The method is implemented under industrial conditions in an autonomous mode on one of the sinter machines of an sinter factory sintering a blast furnace sinter, followed by the use of lime-magnesian sinter in a converter shop. The composition of the sinter mixture is presented in table 2.

table 2 The composition of the mixture of lime-magnesia agglomerate. Name of sinter charge component Amount, kg / t of sinter Converter sludge 348.3 Slag mixture 134.1 Screening dolomite 527.0 Scale 238.7 Coke trifle 41.8 Return 300,2

The average chemical composition of the used charge components are shown in table 3.

Table 3 The content of the main components in the charge materials. Charge component Content% Fe _commonly Cao SiO ₂ MgO Zno Converter sludge 34.5 13.9 4.13 4.47 2.93 Slag mixture 29.30 33,50 10.88 8.59 0.01 Screening dolomite 2.5 40.95 2,30 30.11 - Scale 70.40 1.93 1,52 0.54 0.02

Received agglomerate with the following average chemical composition,%: Fe _total. - 47.6; FeO - 10.3; CaO 22.26; SiO ₂ - 5.51; MgO - 8.94; ZnO - 0.39; CaO / SiO ₂ - 4.04 units; FeO / MgO - 1.15 units. In the production of agglomerate fluxed with a slag mixture, limestone was saved.

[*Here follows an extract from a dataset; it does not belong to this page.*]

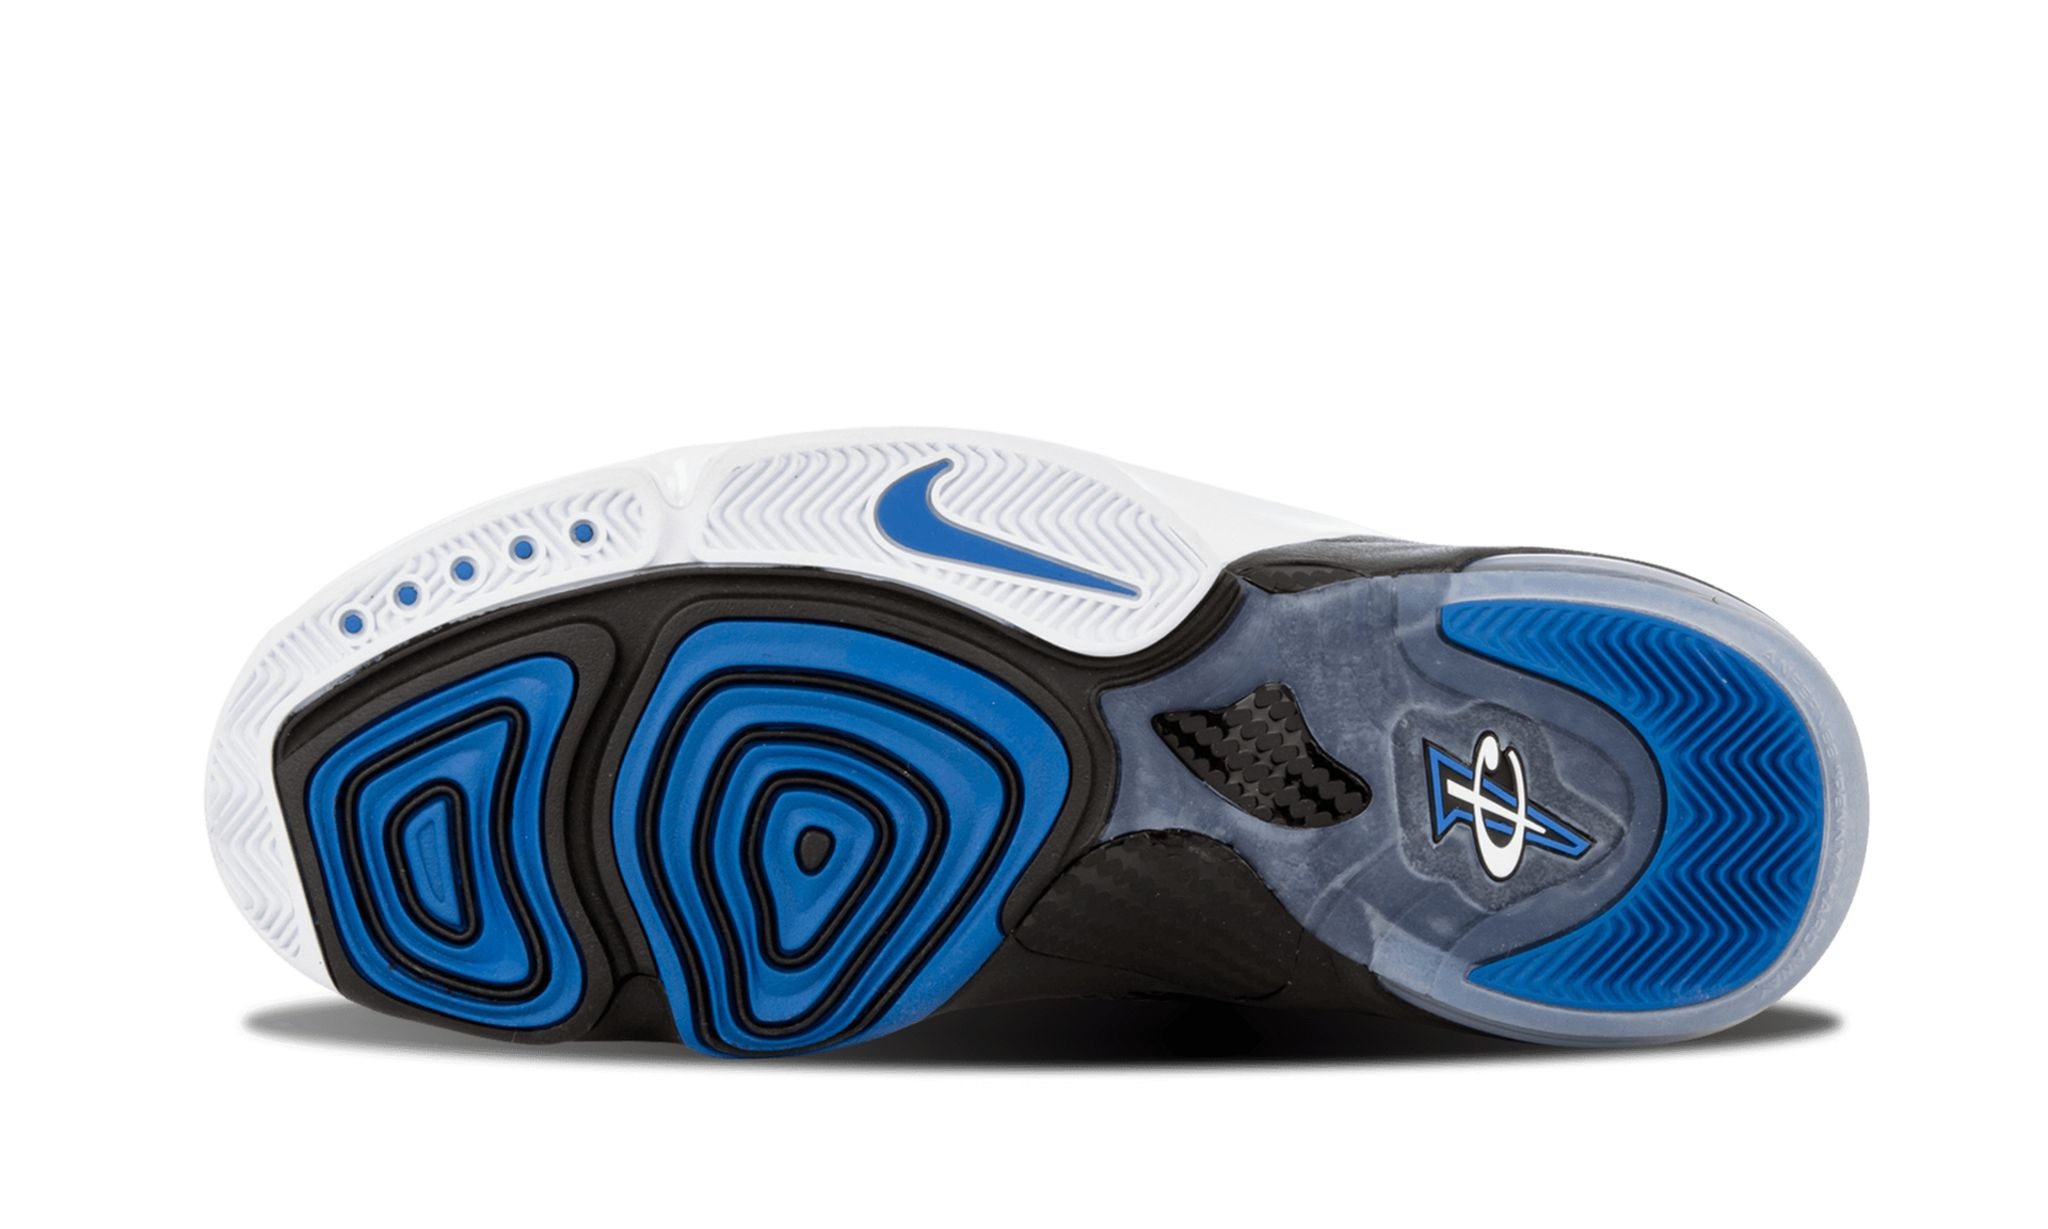 Penny Pack QS "Sharpie Pack" - 7

In comparison with an agglomerate based on a converter slurry containing MgO - 2.9%; FeO - 14.4; FeO / MgO - 4.97 units; CaO / SiO ₂ - 4.04 units, when using calcareous-magnesian sinter obtained in the proposed method in the converter smelting, the overhaul period of the converter lining increased by 39-47 heats. All the resulting zinc-containing sludge, previously sent to dumps, is involved in the redistribution, which improves the ecological situation. The use of agglomerate as an iron-containing slag-forming component and a cooler made it possible to save iron ore, limestone and metal, respectively.

Claims (1)

The method of producing lime-magnesia agglomerate for steelmaking from a mixture containing converter sludge, scale, flux, fuel and return, including dosing, mixing and sintering, characterized in that as a flux, a slag mixture is introduced into the charge together with screening dolomite fraction 0- 10 mm to ensure that the MgO content in the agglomerate is in the range of 6.9-10.5%, and the fuel consumption is set based on obtaining the FeO content in the cake in the range of 7.0-13.0% while maintaining the FeO / MgO ratio therein the range of 0.7-1.9.